Программа на верх тела представляет собой комплексную систему для улучшения пропорций между ногами и верхом, что бывает необходимо в том случае, когда у атлета генетически мышечная композиция представлена большим количеством мышечных двигательных единиц в ногах. Ключевыми моментами здесь являются слова система и улучшение, поскольку, во-первых, атлет должен подходить комплексно к вопросу организации тренировочного процесса, а, во-вторых, отдавать себе отчет в том, что для улучшения пропорций необходимо их наличие. Заниматься резьбой по кости кое-как не нужно! Бывает так, что новички весом в 70кг начинают заморачиваться объемом отдельных частей тела, что крайне нерационально, поэтому Вам мы не рекомендуем так бездарно тратить время. Вначале наберите общую мышечную массу и, возможно, пропорции улучшаться сами собой, а если нет, тогда приступайте к программе тренировок на верх тела!
Система тренировок верха тела состоит из нескольких этапов, благодаря чему удается максимально реализовать собственный потенциал. Первая фаза системы силовая, позволяющая наработать общие мышечные объемы, поэтому она направлена на тренинг больших мышечных массивов базовыми упражнениями. Вторая фаза позволяет реализовать силовой потенциал, наработанный в первой фазе, поэтому количество подходов и повторений меняется, атлет подключает сплит и формирующие упражнения. Третья фаза программы является пампингом, позволяющим нарастить капиллярную сетку, восстановить большие мышечные массивы и проработать маленькие мышечные группы. Соответственно, во время первой фазы углеводов нужно есть очень много, во второй фазе постепенно снижать их количество, а в третьей фазе уделять больше внимания белкам, ограничивая углеводы исключительно сложными и волокнистыми.
I фаза тренировки верха телаСтановая тяга – 6 подходов по 6 повторений
Жима штанги лежа – 6 подходов по 6 повторений
Тяга штанги в наклоне – 6 подходов по 6 повторений
Армейский жим – 6 подходов по 6 повторений
Жим ногами – 6 подходов по 6 повторений
Примечания* используется принцип «пирамиды», а «отказной» повтор только последний в последнем подходе; отдых между подходами 1-2 минуты; в конце тренировки рекомендуется 30-40 минут крутить велотренажер для тренировки сердца; длительность фазы 12-16 тренировок по 3 тренировки в неделю; если атлет не успевает восстанавливаться, тогда необходимо добавить микропериодизацию, чередуя тренировку со 100% рабочим весом и 75% весом от рабочего.
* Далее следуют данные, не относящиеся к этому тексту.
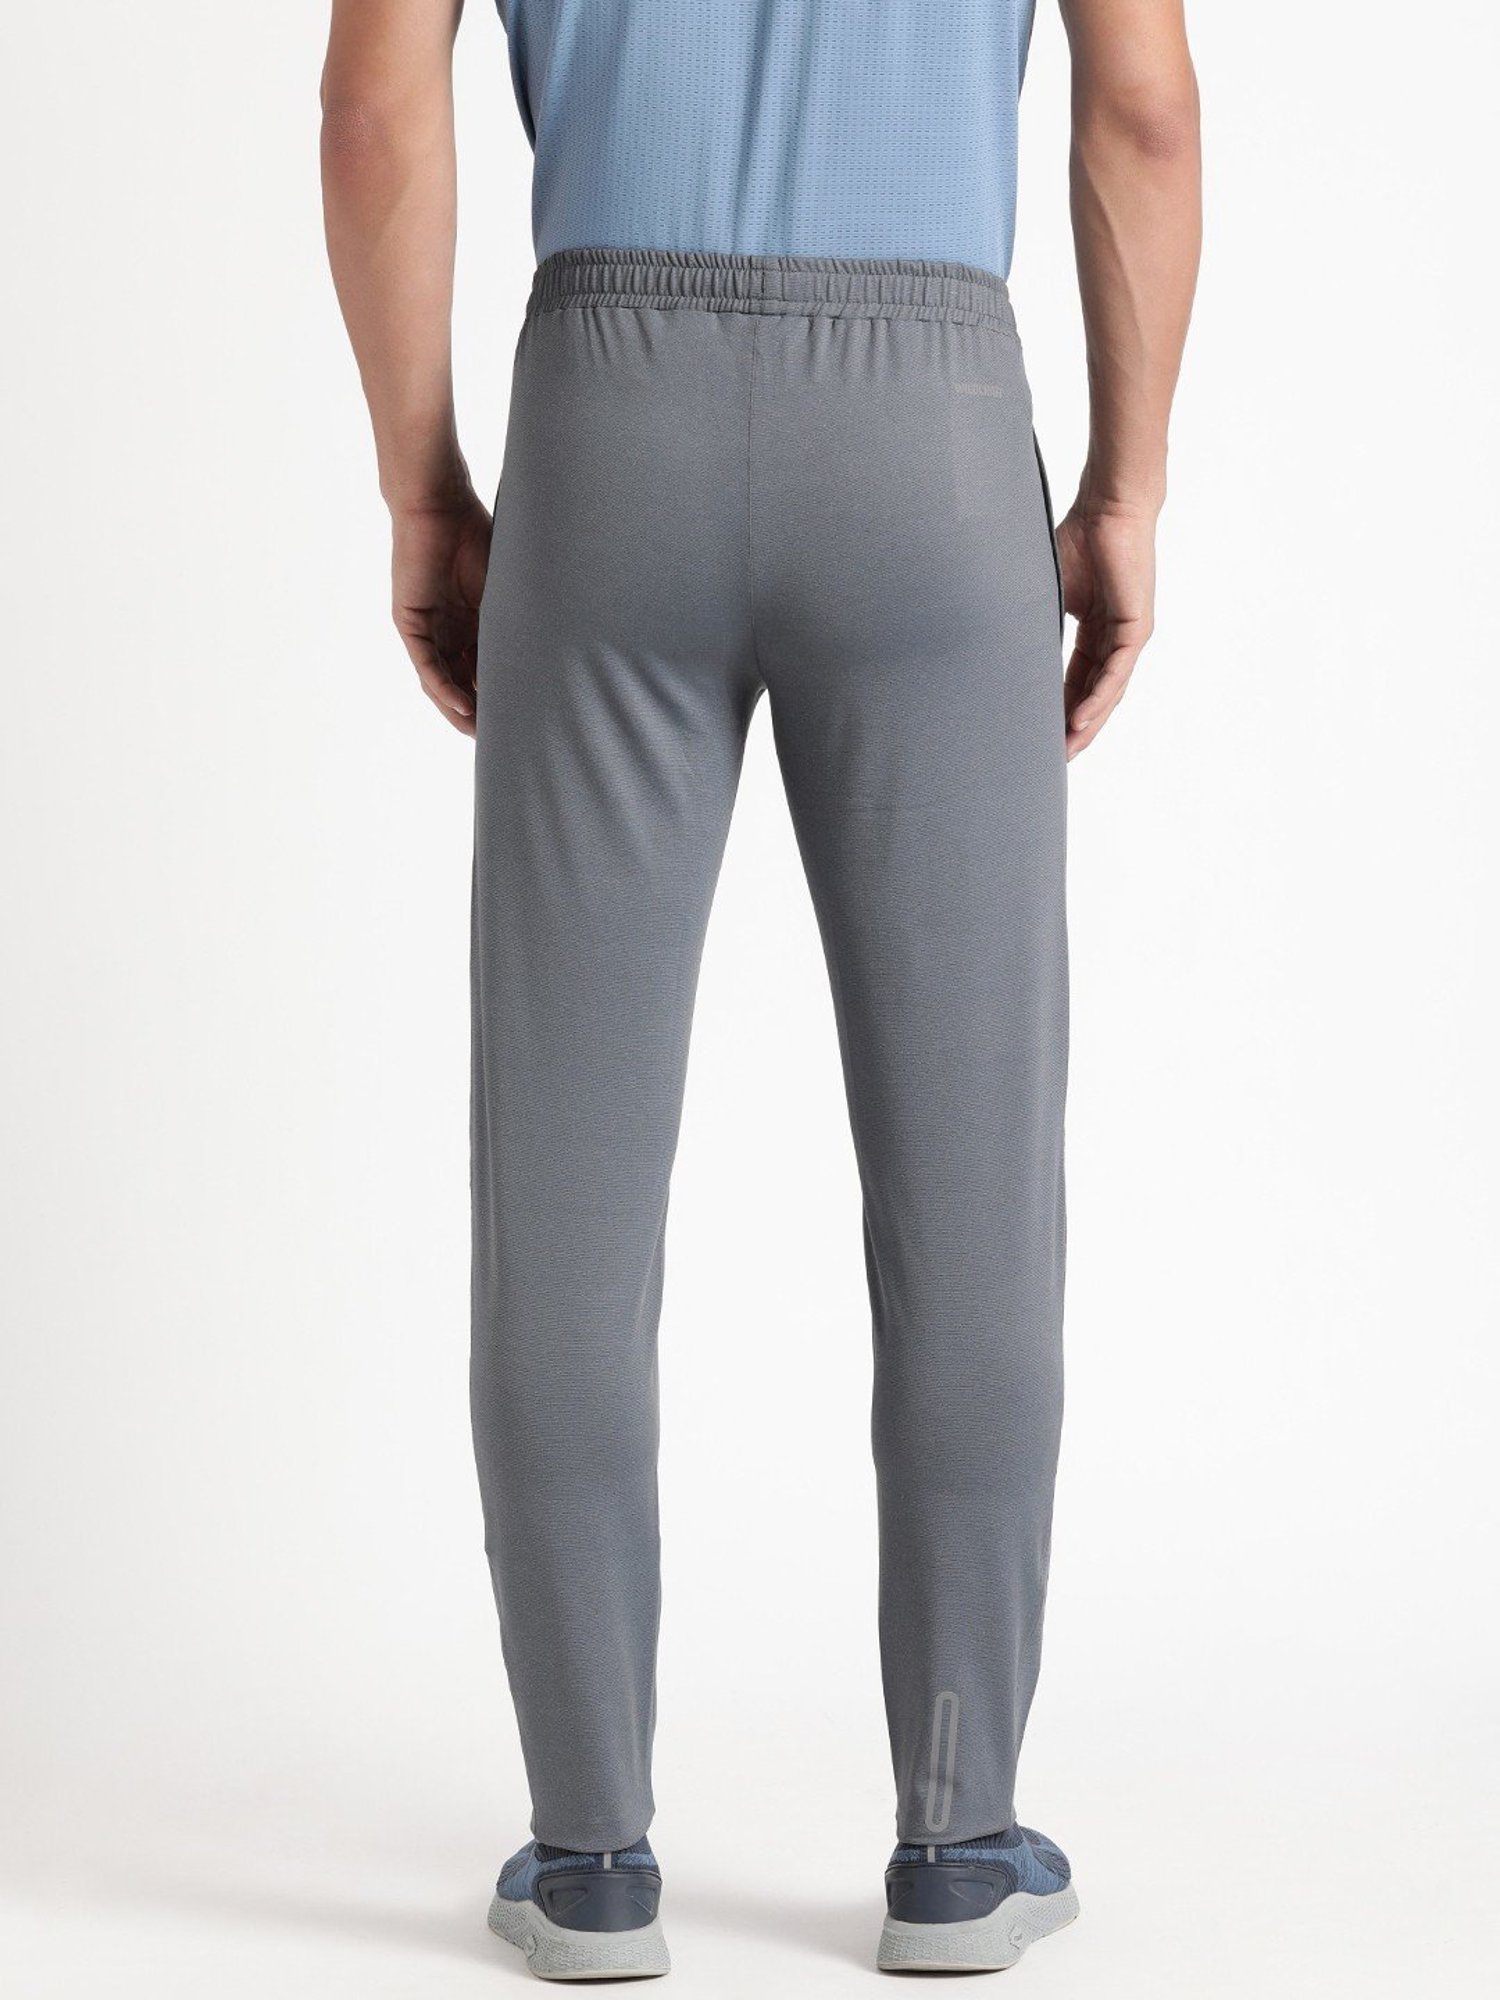 Wildcraft Mens Off White Regular Track Pant Buy Wildcraft Mens Off White  Regular Track Pant Online at Best Price in India  NykaaMan
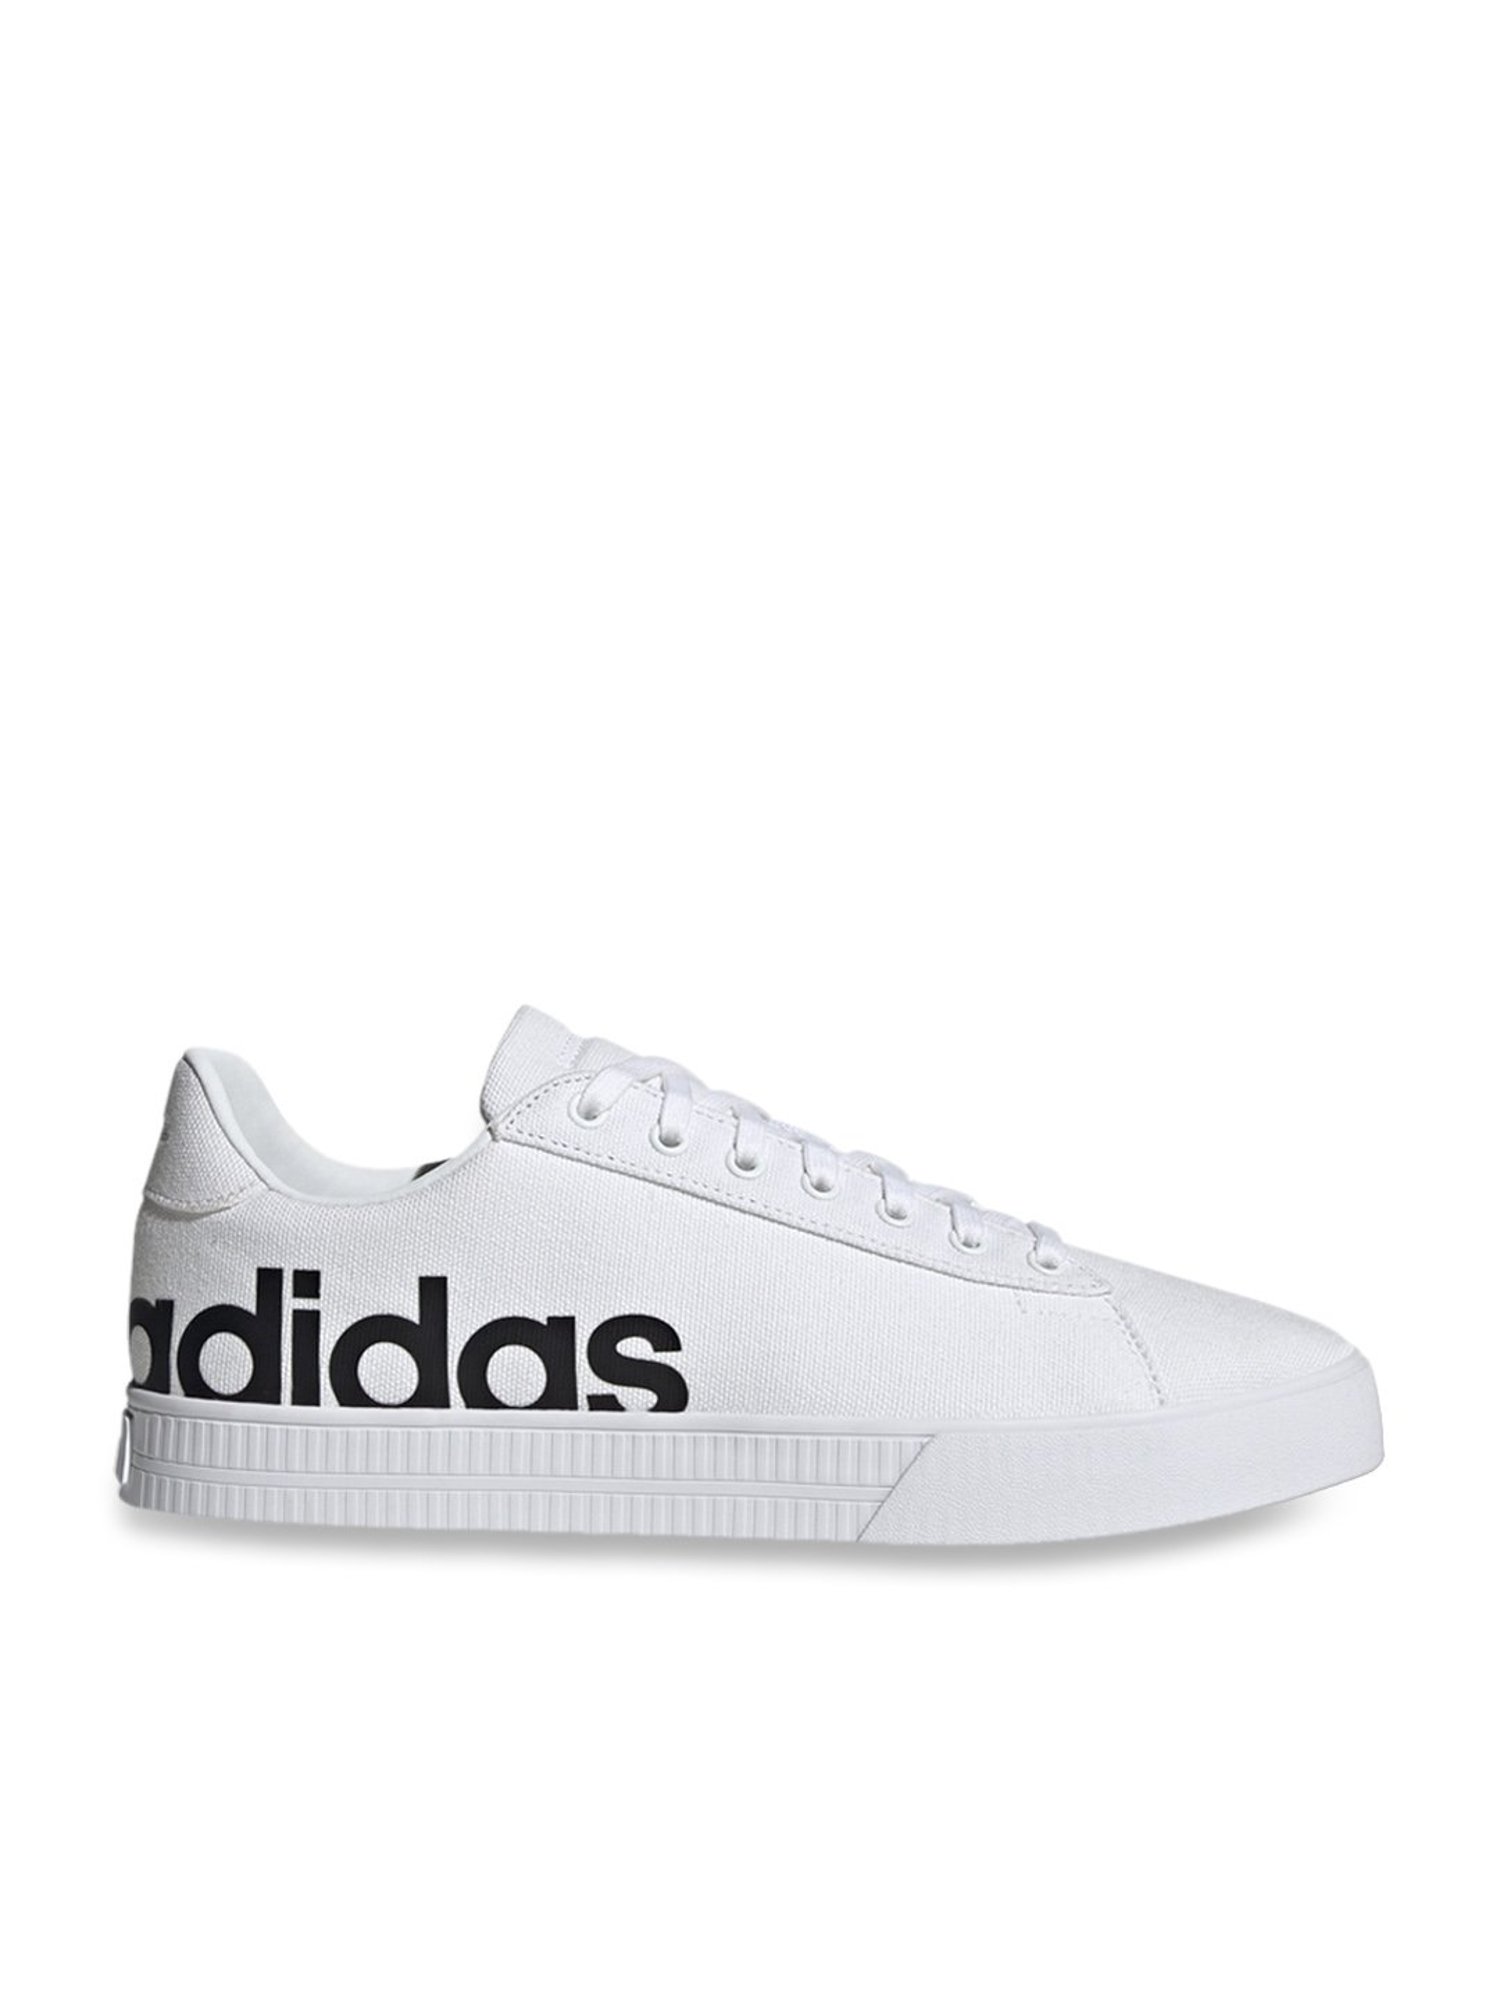 Buy Adidas Men's DAILY 3.0 LTS White Casual Sneakers for Men Best Price @ Tata CLiQ

II фаза программы для верха телаТренировка №1Становая тяга – 8 подходов по 8 повторений
Жим лежа – 6 подходов по 6 повторений
Жим ногами – 8 подходов по 8 повторений
Тренировка №2Тяга штанги в наклоне – 6 подходов по 6 повторений
Тяга верхнего блока – 6 подходов по 8 повторений
Тяга штанги лежа – 6 подходов по 8 повторений
Махи гантелями – 3 подхода по 8 повторений
Сгибания рук со штангой – 4 подхода по 6 повторений
Тренировка №3Жим штанги лежа – 4 подхода по 6 повторений и 2 подхода по 2 повторения
Жим под углом – 6 подходов по 6 повторений
Армейский жим – 4 подхода по 8 повторений
Тяга штанги к подбородку – 4 подхода по 8 повторений
Подъемы ног в висе – 4 подхода по максимуму повторений
Примечания* так же используется принцип пирамиды; отдых между подходами в базовых упражнениях 2-3 минуты, а в формирующих минуту; рекомендуется использовать кардио тренировки в дни отдыха, а в конце силовых тренировок крутить велик 10-15 минут; длительность фазы 24 тренировки; микропериодизация не предусмотрена.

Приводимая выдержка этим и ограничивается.